I’ve been listening today to Taj, one of my favorite albums. It dates back to 1987, a time when bluesman Taj Mahal’s career was in something of a doldrums. Although he had relocated to Hawaii and continued to tour steadily, Taj hadn’t put out a new LP in ten years. When I spied this then-new release at Melody Records in Washington DC’s Dupont Circle, I snapped it right up. It was love at first spin.
Among the dozens of musicians listed on the back cover were many studio aces I recognized and admired: Jessie "Ed" Davis on lead guitar, Larry McDonald (congas, percussion), the legendary Babatunde Olatunji (djembe, congas, shekere, percussion) and Paul Butterfield Blues Band veteran Ralph MacDonald on congas, tambourine and percussion. The large horn section and backing vocalists signaled that this was not the customary roots-based Taj Mahal album. Love songs, soul ballads, even anti-nuke tunes were now in the mix. I could not keep this infectious disc off my old AR-XB turntable!
Taj and I go back a long way. We both grew up in Springfield, Mass. in the 1950s. Although he’s three years older than me, our paths crossed at the University of Massachusetts in the early ‘Sixties. I used to go hear him sing with the Elektras, his party band that played all around the various campuses on the Northampton-Amherst circuit. I remember his hilarious live cover of The Marathons’ 1961 hit “Peanut Butter.” Well, there's a food going 'round and it's a sticky, sticky goo / Peanut, peanut butter / It tastes too good, but it's so hard to chew / Peanut, peanut butter / People everywhere, they think it's the most / Peanut, peanut butter / Early in the morning they put it on their toast/ Peanut, peanut butter. Believe me, they ain’t writing ‘em like that anymore. Spread it on your bread now!
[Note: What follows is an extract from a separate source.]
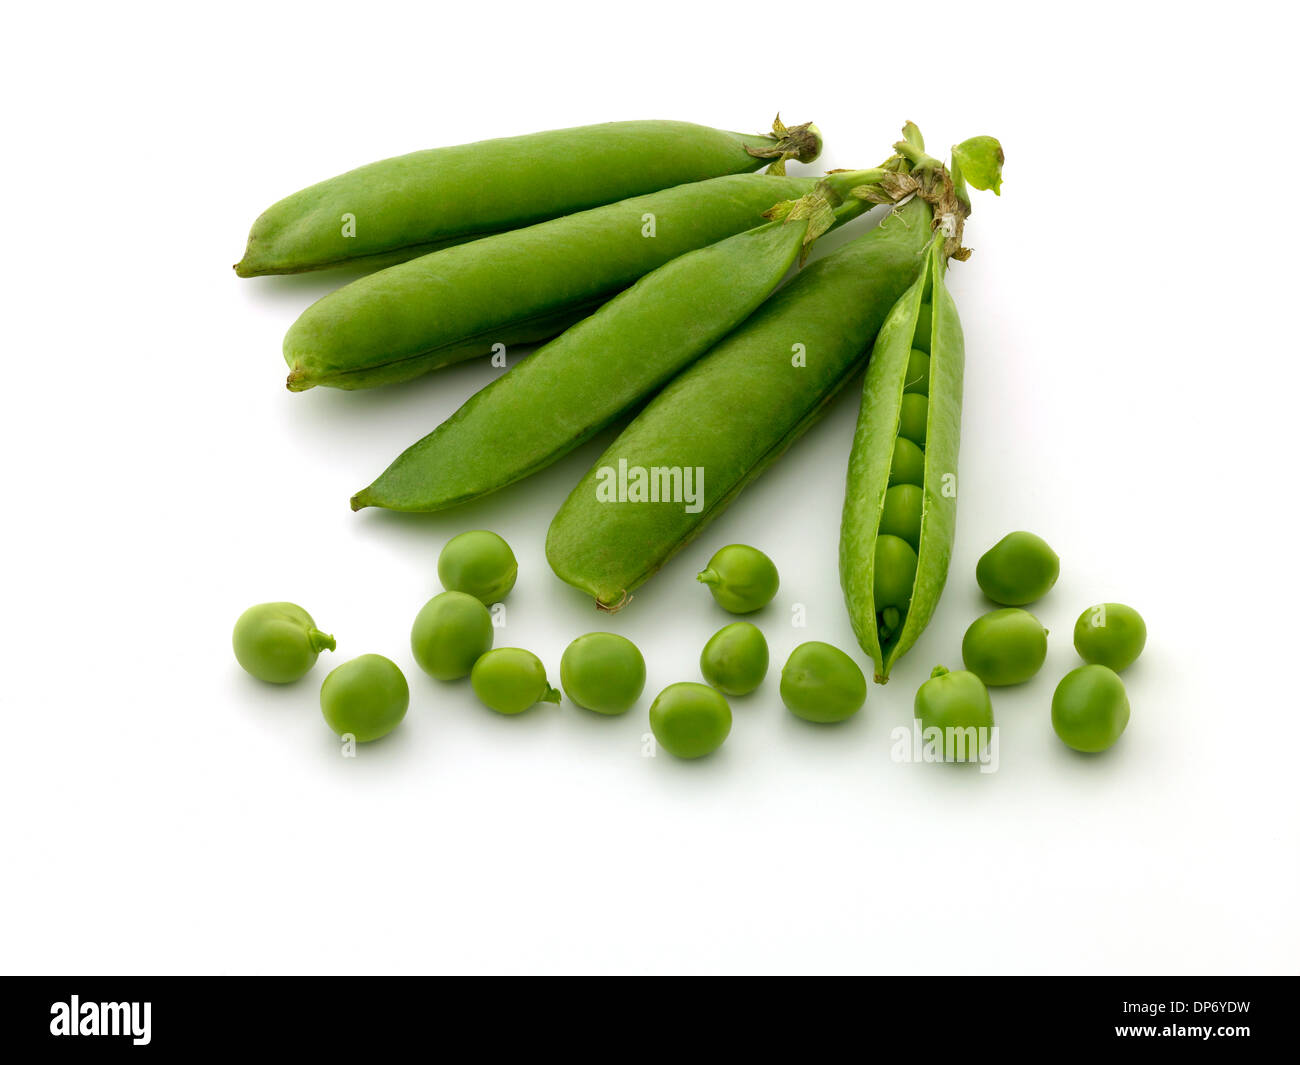 garden peas Stock Photo

I can’t tell you how many classes I cut that year, preferring to go listen to Taj noodling way for hours on the grand piano in the UMass Student Union. It made a mess of my academic career, but I wouldn’t trade a minute of that time now.
Years ago Marti forwarded an article to me about how fans everywhere were ecstatic when Taj’s 1971 live album from the Fillmore East was finally released on CD in 2000. Apparently the double-LP had a rabid cult following that three decades had failed to diminish. “Did you have that one on vinyl?” she asked me. Did I have that on vinyl? I fucking wore those two discs out! Talk about an all-star cast: Stax-Volt-influenced John Hall (co-founder of Orleans) on electric guitar, the great Howard Johnson on tuba (see The Band’s Rock Of Ages,) Billy Rich (later in Paul Butterfield’s Better Days), John Simon on pianos. The entire Woodstock Superhuman Krew, it seemed. A classic if ever there were one.
Owners Ron and Valma Merians outside the Joyous Lake, Woodstock.
In 1973 I moved to Bearsville, just outside Woodstock, New York. It was the heyday of one of the most remarkable music venues of the era: the Joyous Lake. I spent countless nights in that gorgeous listening room, enjoying performances by local groups such as The Fabulous Rhinestones, Full Moon and the Marc Black Band. Heavy hitters played there too. I caught Charles Mingus, Willie Dixon and John Sebastian (who lived just outside of town) in that club. Paul Butterfield, another neighbor, would breeze in for the late set and blow incredible blues harp with whomever was on the bandstand. One night Taj was playing and not only did Butter jam with him, but Maria Muldaur chimed in with back-up harmonies from a ringside table. I recall chatting with Taj for a while at the bar between sets that evening. A heady time indeed.
I hadn’t seen Taj in a long while when, around 2000, he played here in Paris. After his gig at the Trabendo, he and I reminisced about a long-gone record shop we both frequented in the 1960s at Winchester Square, Springfield’s African-American neighborhood. It was literally a mom-and-pop deal, owned and operated by a middle-aged white couple with a knowledgeable young gay black dude behind the counter. The place to find the latest Motown, Stax/Volt, King 45s and LPs. I practically lived there. Cutting classes once again. I was always ditching college – especially if music was the alternative.
“Do I remember that place!” Taj said. “You know, after Martin Luther King’s assassination -- when angry folks were setting that neighborhood on fire -- the only businesses that were spared were a few liquor stores – and that record shop.”